Can you copy out the data exactly? Leave the images out.

START Information provided

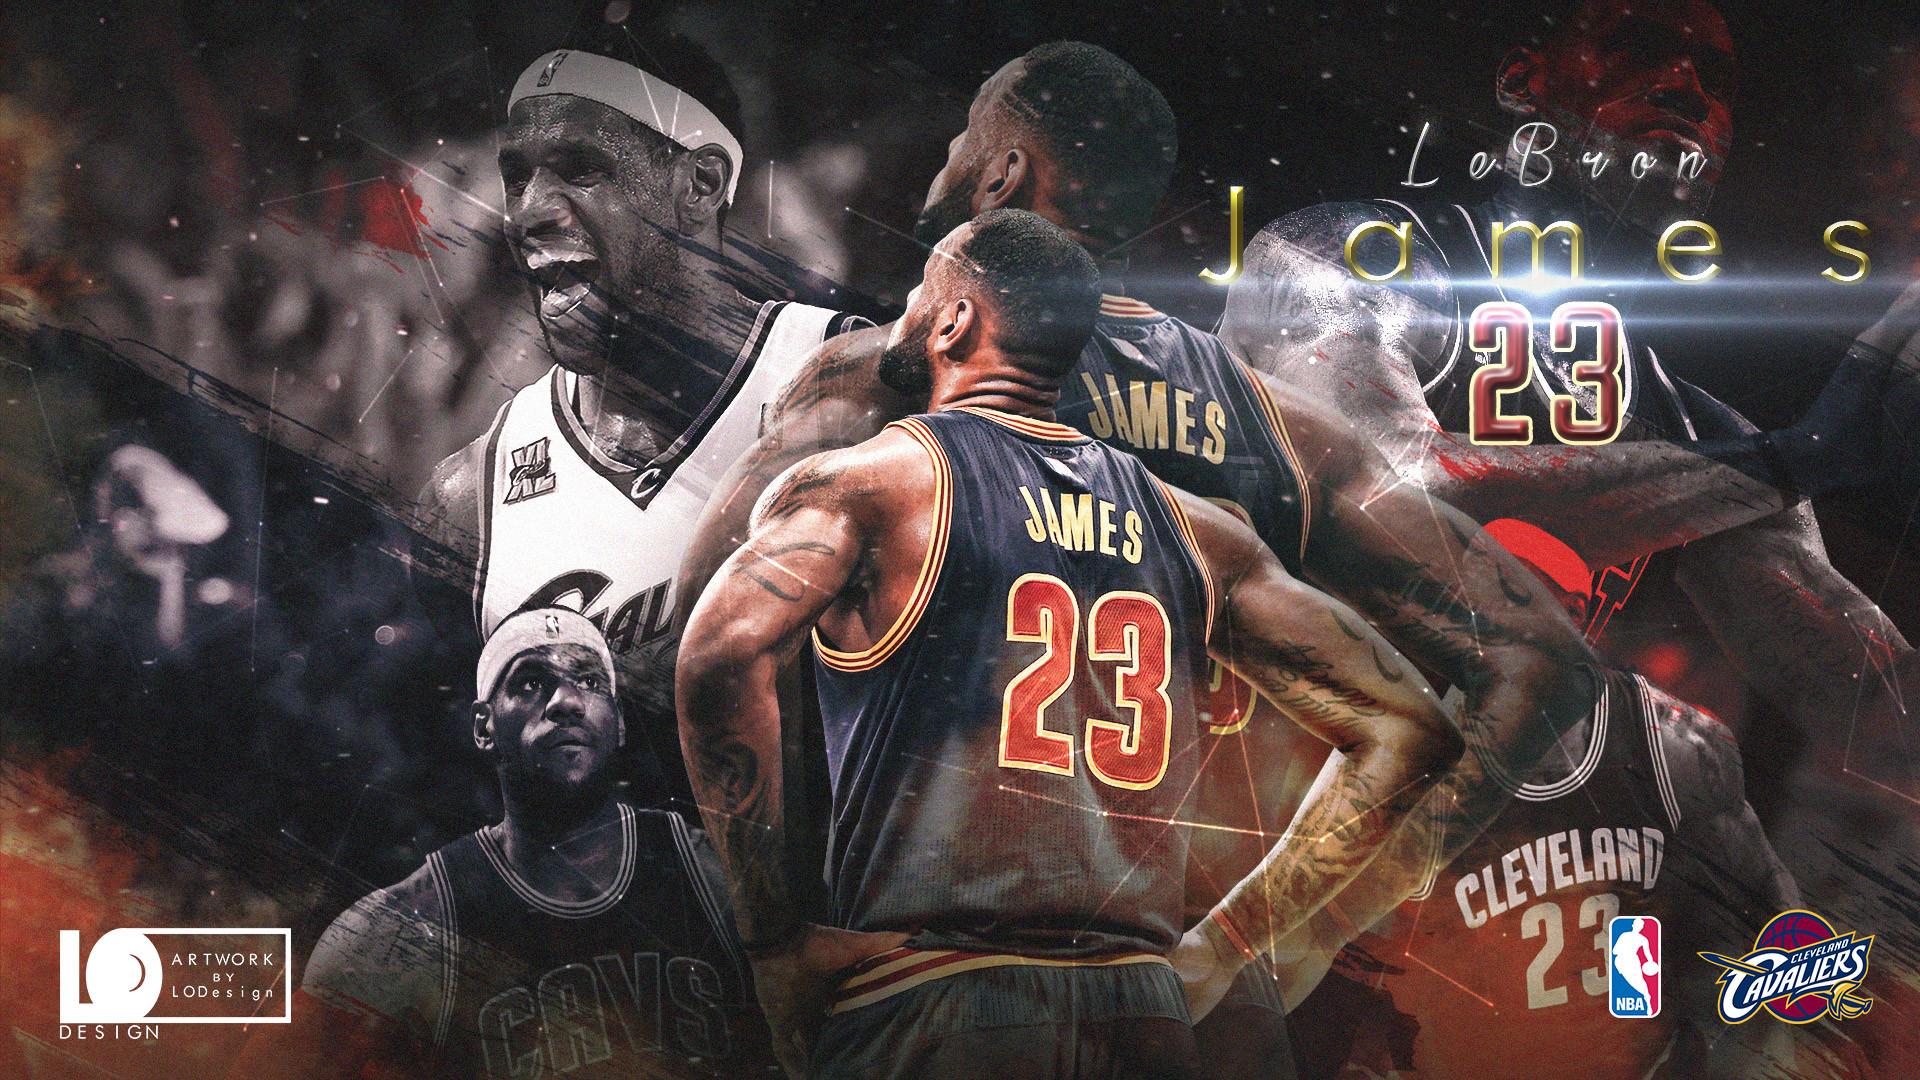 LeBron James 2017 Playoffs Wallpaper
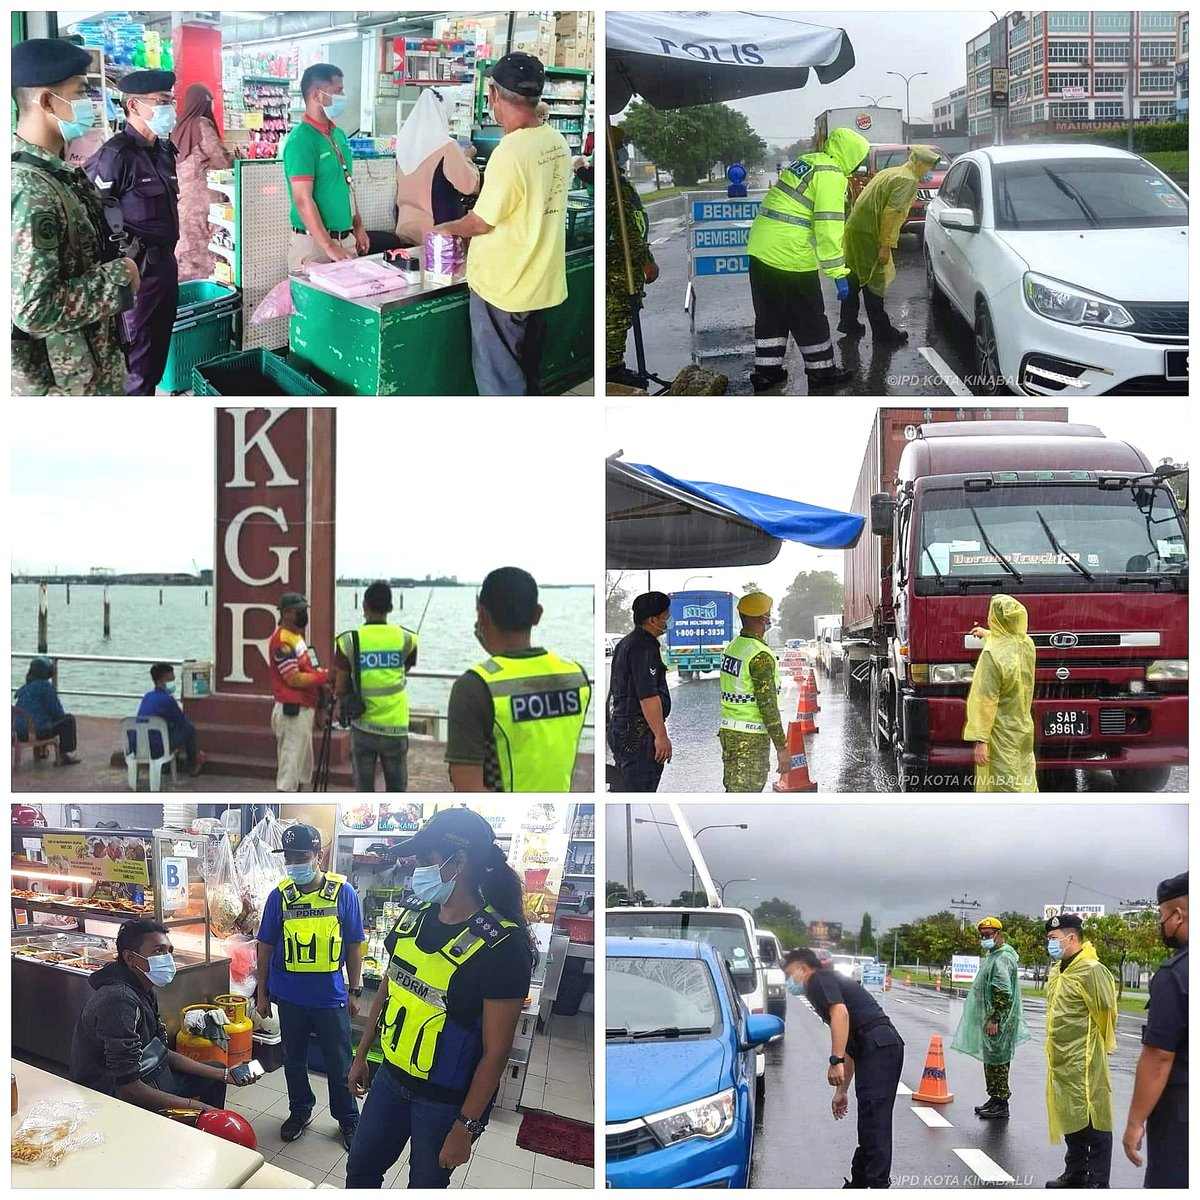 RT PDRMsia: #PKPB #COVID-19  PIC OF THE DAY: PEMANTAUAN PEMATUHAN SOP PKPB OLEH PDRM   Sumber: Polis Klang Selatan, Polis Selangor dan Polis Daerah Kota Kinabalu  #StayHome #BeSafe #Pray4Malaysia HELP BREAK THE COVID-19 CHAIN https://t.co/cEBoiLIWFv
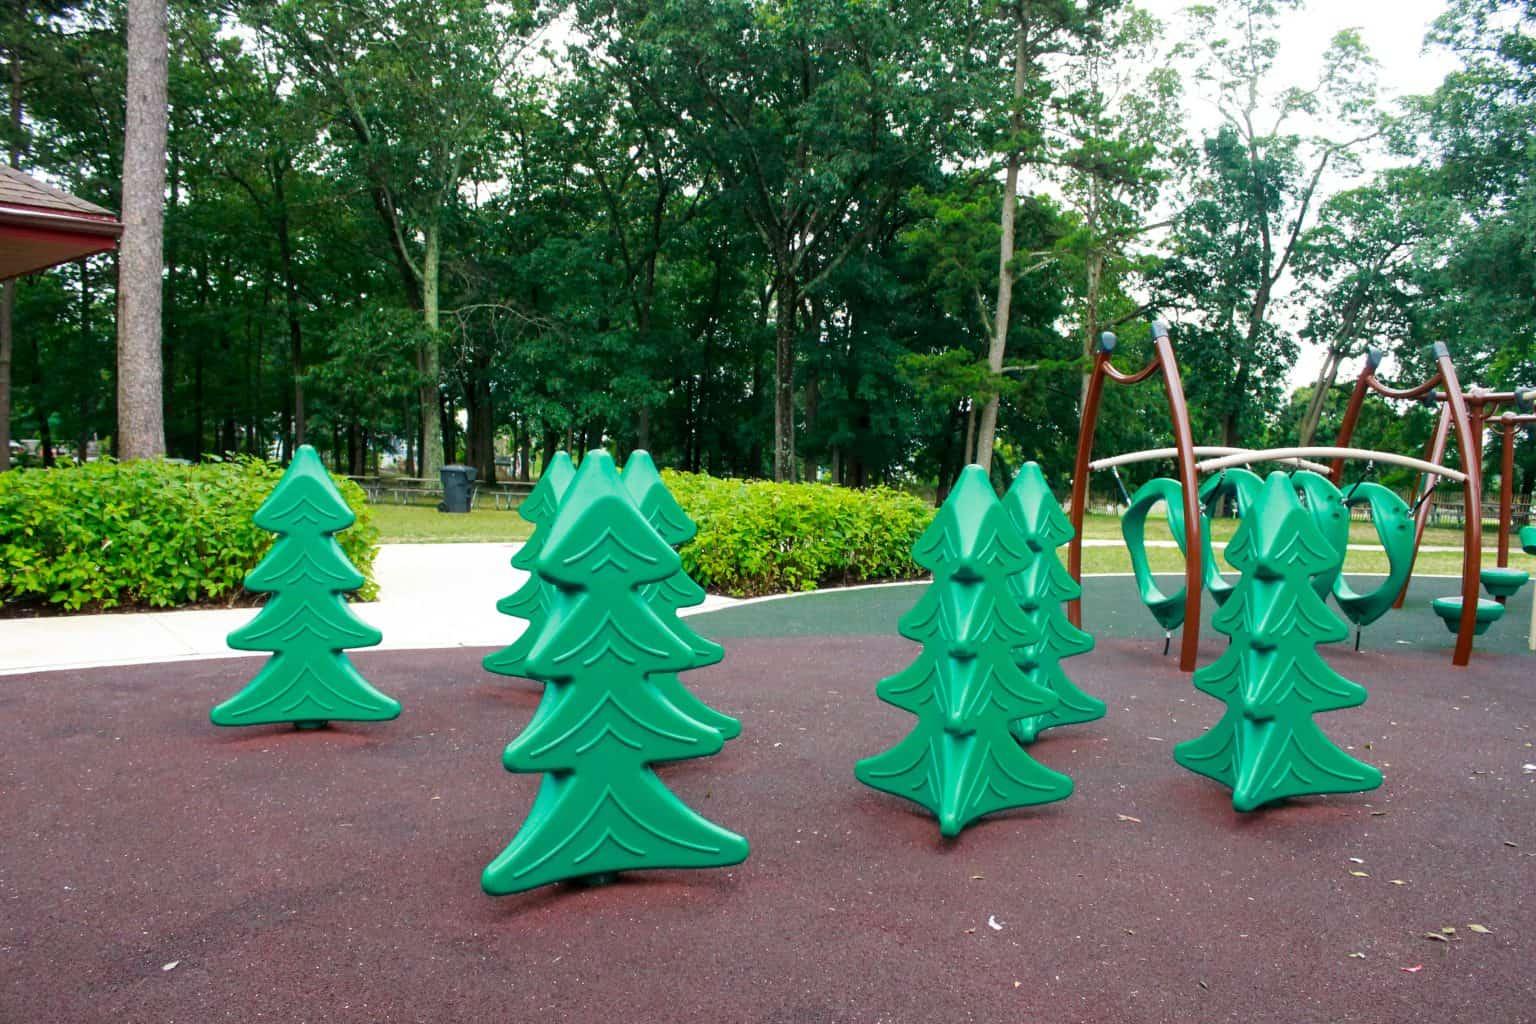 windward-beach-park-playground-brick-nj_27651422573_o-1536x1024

END Information provided

Result below
 LeBron James 2017 Playoffs Wallpaper
 RT PDRMsia: #PKPB #COVID-19  PIC OF THE DAY: PEMANTAUAN PEMATUHAN SOP PKPB OLEH PDRM   Sumber: Polis Klang Selatan, Polis Selangor dan Polis Daerah Kota Kinabalu  #StayHome #BeSafe #Pray4Malaysia HELP BREAK THE COVID-19 CHAIN https://t.co/cEBoiLIWFv
 windward-beach-park-playground-brick-nj_27651422573_o-1536x1024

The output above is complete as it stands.